Copy link to clipboard
Copied
Thanks for the response.
CF Version: 11,0,08,298512
Java Version: 1.8.0_25
I have also tried this on a different server running CF2016, and have witnessed the same behavior.
I have created two test files in the same directory. I have two XLSX files that each have 2 worksheets (so I can read from the second worksheet specifically). These files are ~300k in size and reside in the same directory as the CFM files. The second worksheets each have ~2000 rows x 10 columns of data.
The code of both CFM files is very similar to this (only changing the values of the "thisExecution" and "thisFile" variables.
I tail the application.log as load both of these from the same computer. (separate computers also present the same behavior).

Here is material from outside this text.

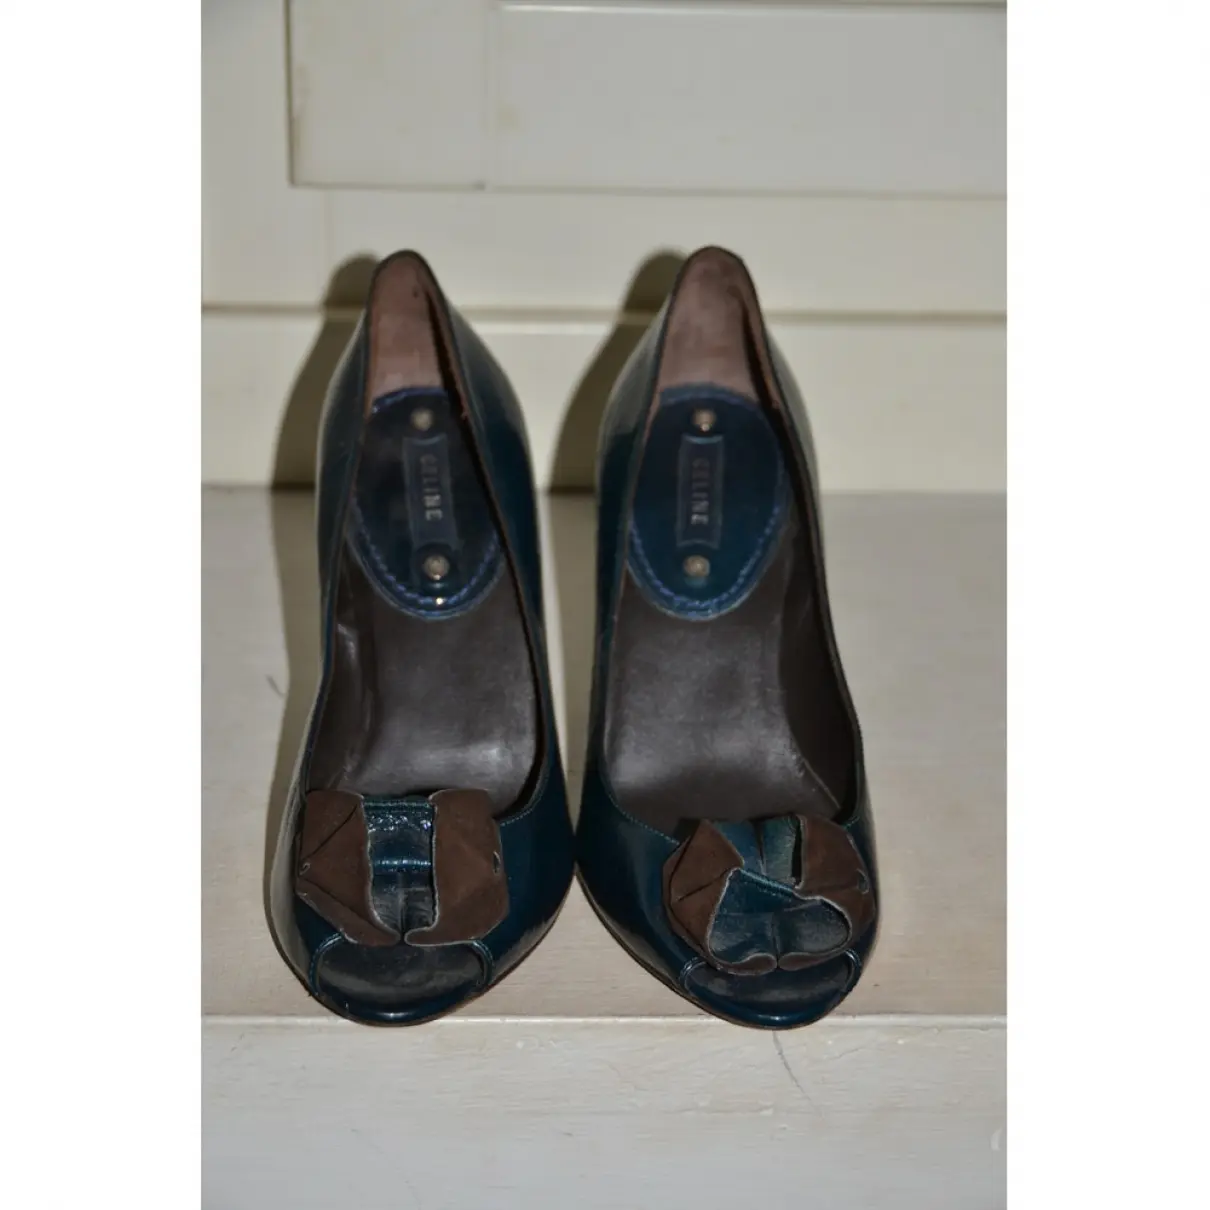 Buy Celine Patent leather heels online
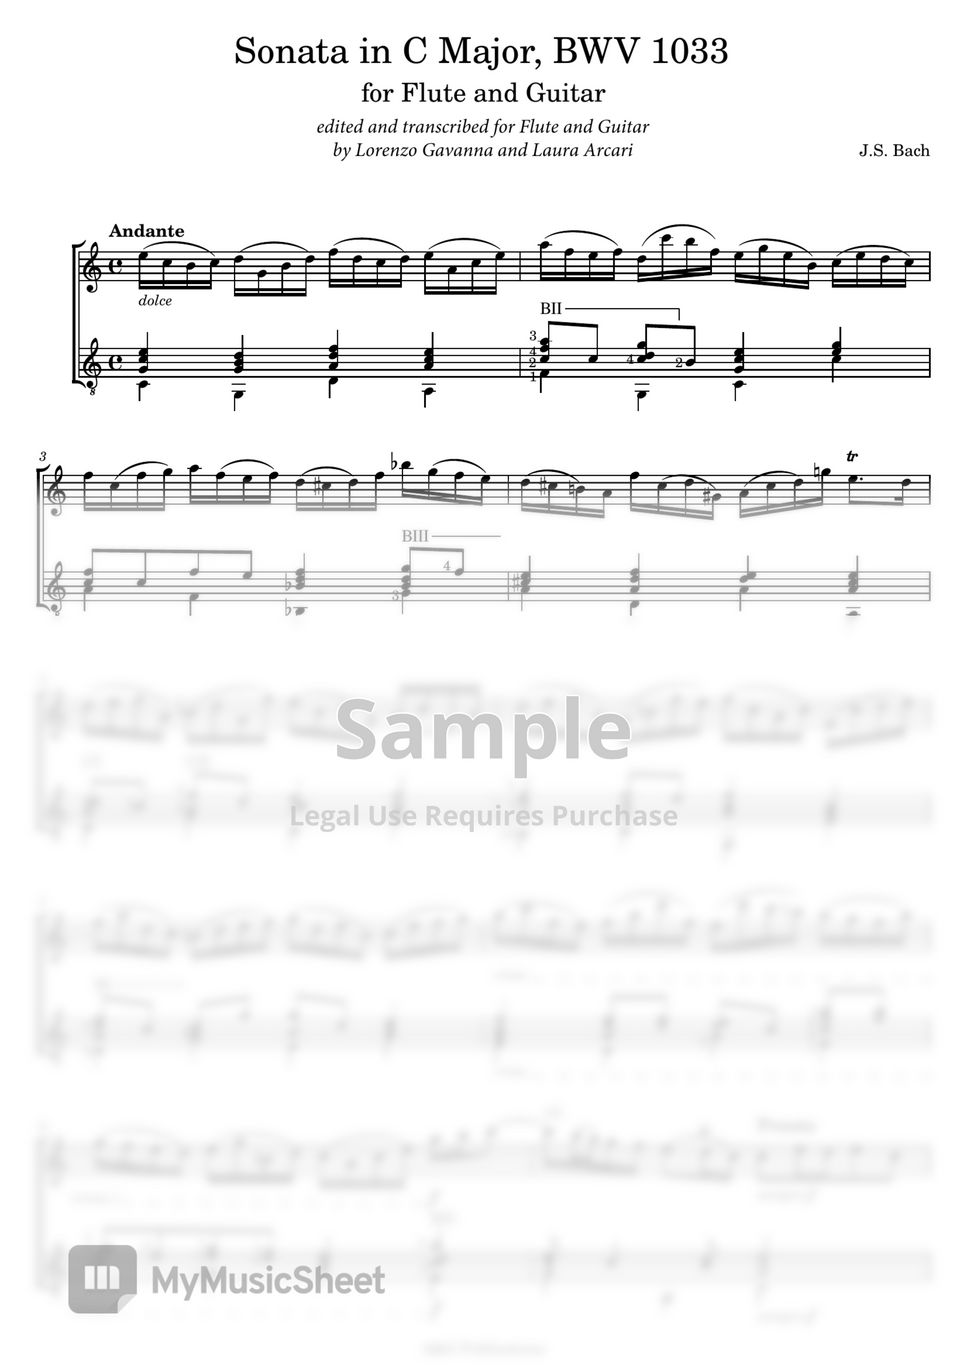 Johann Sebastian Bach - Flute Sonata in C Major, BWV 1033 by Lorenzo Gavanna (Flute), Laura Arcari (Guitar)

The code: (for some reason isn't showing up - I have tried editing a few times)
<CFSETTING requesttimeout="6000" >
<CFSET private.thisExecution = "Test1" >
<CFSET private.thisFile = "testfile1.xlsx" >
<CFOUTPUT>#private.thisExecution#: #private.thisFile#: #private.dataType#</CFOUTPUT>
<CFLOG text="#private.thisExecution#: Start: Reading File #private.thisFile#" >
<CFSPREADSHEET action="read" src="#expandpath('#private.thisFile#')#" sheet="2" query="getData" headerrow="1" excludeheaderrow="true" >
<CFLOG text="#private.thisExecution#: End: Reading File #private.thisFile#" >
<CFLOG text="#private.thisExecution#: Sleep: 5 seconds" >
<CFSCRIPT>sleep(5000);</CFSCRIPT>
<CFLOG text="#private.thisExecution#: Start: Dump getData" >
<CFDUMP var="#getData#" >
<CFLOG text="#private.thisExecution#: End Dump getData" >
Picture of the code: (since I can't get it to output in this forum)
The log output:
"Information","ajp-bio-8014-exec-104","12/14/18","13:04:47",,"Test1: Start: Reading File ABC SUPPLY ROOFING.xlsx"
"Information","ajp-bio-8014-exec-87","12/14/18","13:04:48",,"Test2: Start: Reading File ALSIDE SUPPLY ROOFING.xlsx"
"Information","ajp-bio-8014-exec-104","12/14/18","13:04:58",,"Test1: End: Reading File ABC SUPPLY ROOFING.xlsx"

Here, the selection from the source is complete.